Many states of the United States of America used to have anti-miscegenation laws forbidding interracial marriage. These laws were overturned following the 1967 Supreme Court decision in the case Loving vs. Virginia. The couple in question was convicted of breaking this anti-miscegenation law in trial in 1959. The judge used arguments very similar to what HWA would later use in banning interracial marriage, as may be seen here. This shows both were drawing on common erroneous beliefs to perpetuate this oppression.

"Almighty God created the races white, black, yellow, malay and red, and he placed them on separate continents. And but for the interference with his arrangement there would be no cause for such marriages. The fact that he separated the races shows that he did not intend for the races to mix." (Judge Leon Bazile.)

Some analysts have concluded that this restriction on marriage choice was an even worst violation of liberty towards African Americans than the infamous segregation of public schools imposed upon them.

"In 1958, the political theorist Hannah Arendt, an emigre from Nazi Germany, wrote in an essay in response to the Little Rock Crisis, the Civil Rights struggle for the racial integration of public schools which took place in Little Rock, Arkansas in 1957, that anti-miscegenation laws were an even deeper injustice than the racial segregation of public schools. The free choice of a spouse, she argued in Reflections on Little Rock, was "an elementary human right": "Even political rights, like the right to vote, and nearly all other rights enumerated in the Constitution, are secondary to the inalienable human rights to 'life, liberty and the pursuit of happiness' proclaimed in the Declaration of Independence; and to this category the right to home and marriage unquestionably belongs."" (Wikipedia: Anti-miscegenation laws)

Gunnar Myrdal also ranked this ban on interracial marriage as among the most fundamental and severe injustices inflicted upon African Americans.
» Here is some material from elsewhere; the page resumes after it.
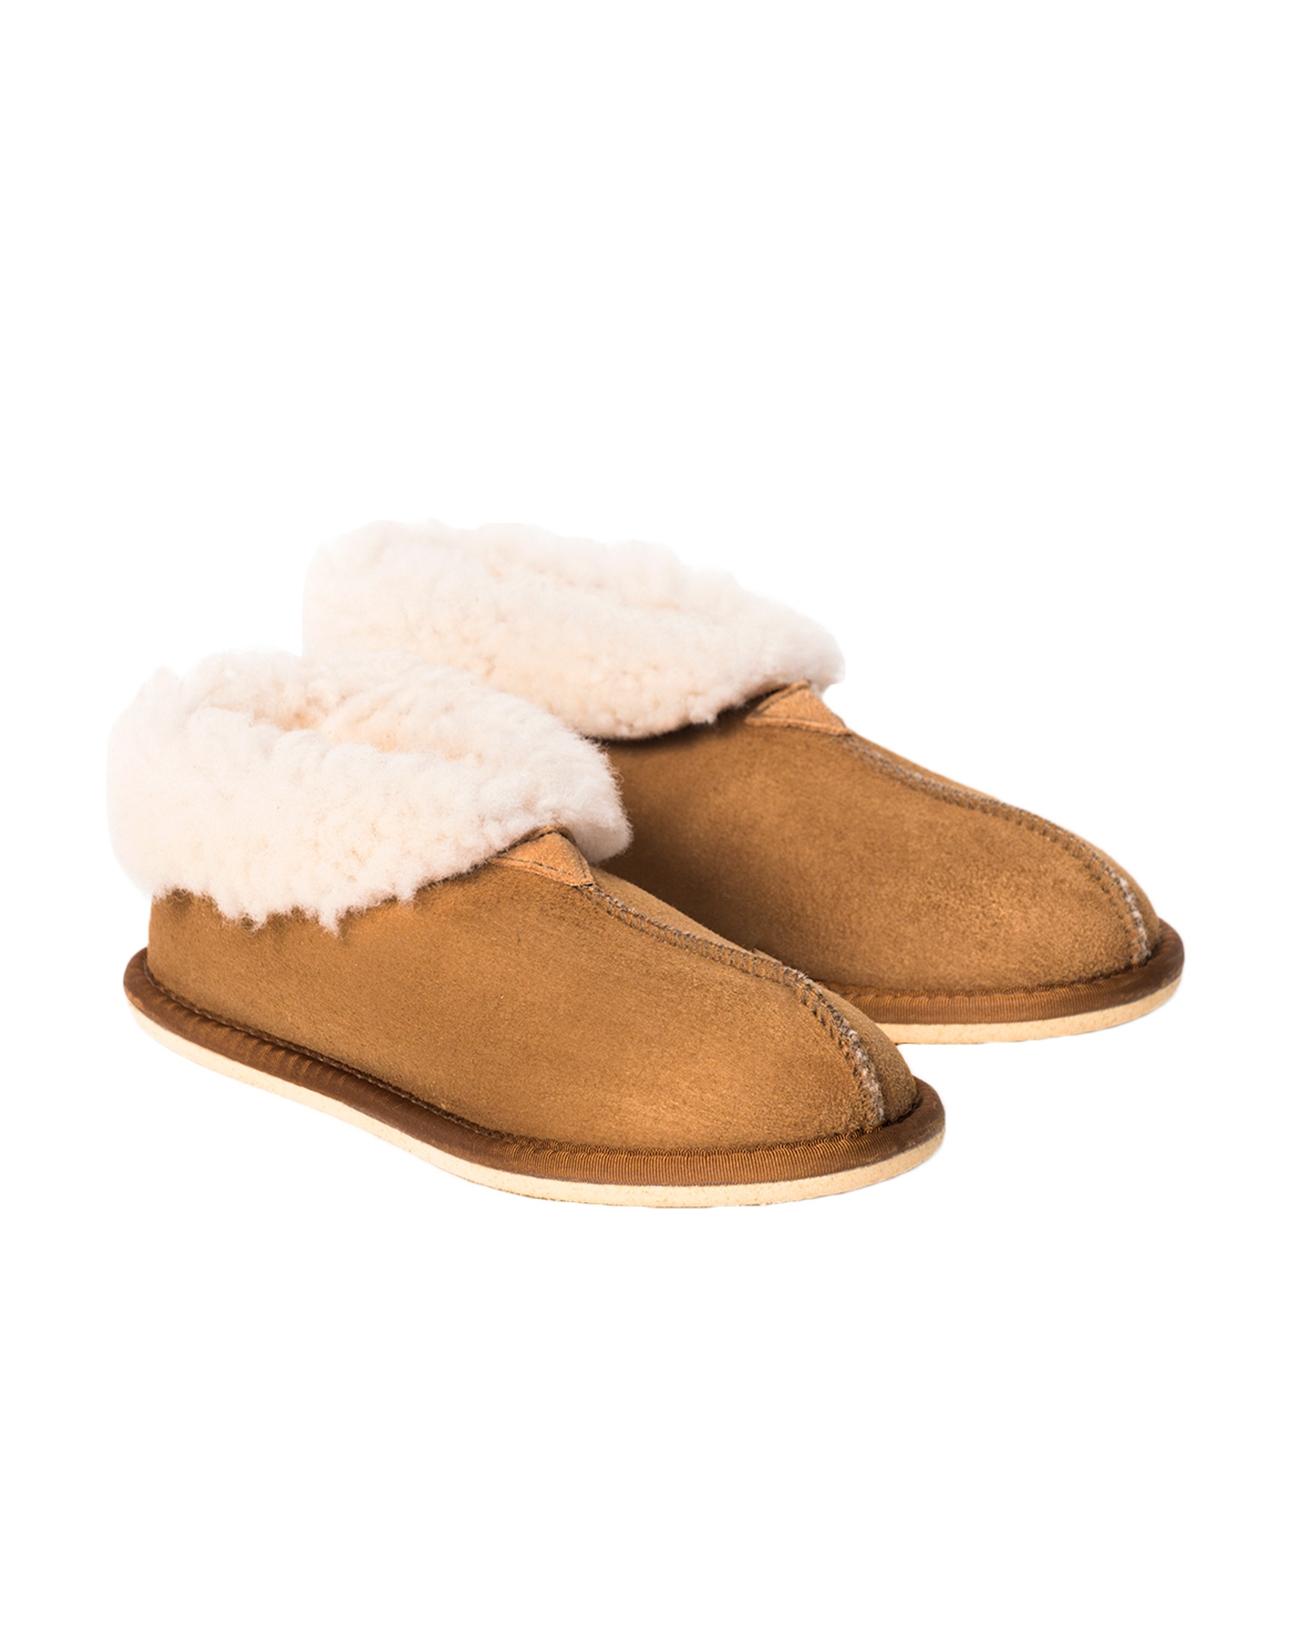 Ladies Sheepskin Bootee Slipper - Size 5 - Spice - 1722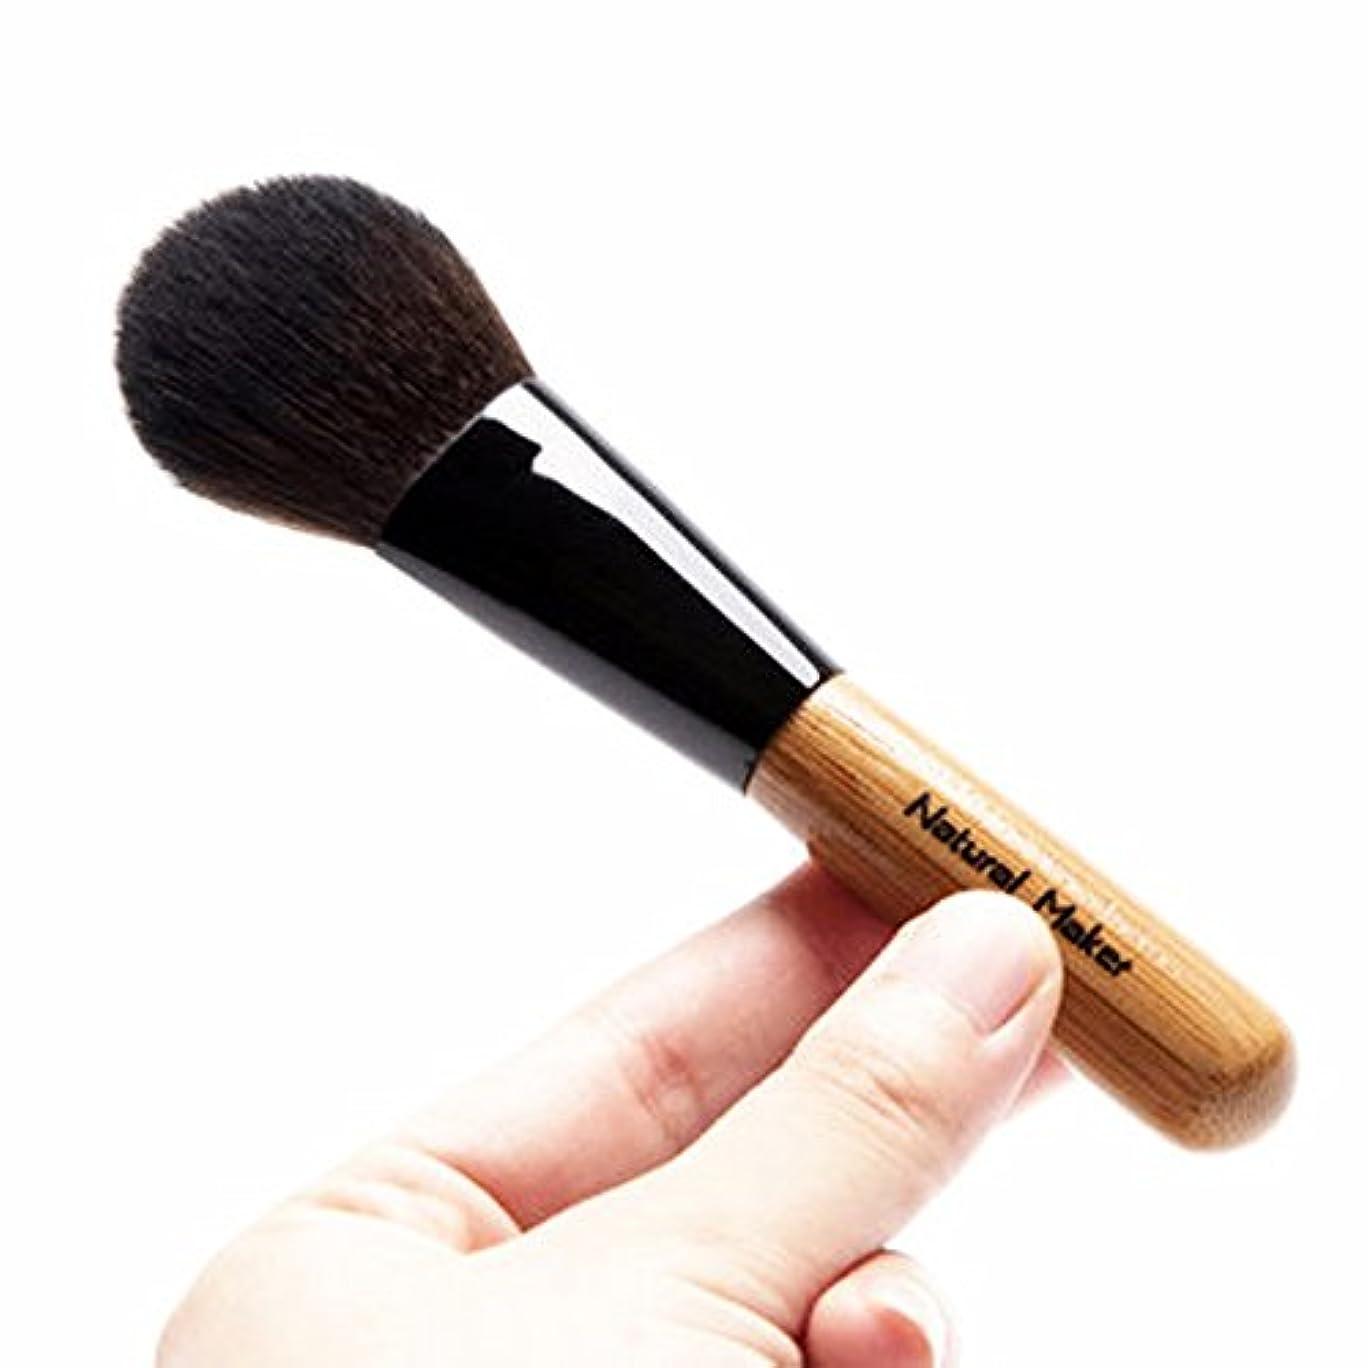 化学冷淡な防水チークブラシ 化粧筆 パウダーブラシ メイクブラシ ハイライトブラシ 高級繊維毛 極上の肌触り 竹柄

"In his essay, Social Trends in America and Strategic Approaches to the Negro Problem (1948), Myrdal ranked the social areas where restrictions were imposed by Southern whites on the freedom of African-Americans through racial segregation from the least to the most important: jobs, courts and police, politics, basic public facilities, "social equality" including dancing and handshaking, and most importantly, marriage. This ranking was indeed reflective of the way in which the barriers against desegregation fell.... the bans on interracial marriage were the last to go, in 1967." (Ibid.)

He had no right to take things out of context to produce this oppressive doctrine. Like the Pharisees Jesus condemned HWA added burden upon burden upon his deceived followers. Why do those in the COGs continue to support a man who placed such heavy unnecessary burdens on his followers and who decided to perpetuate such an unjust institution?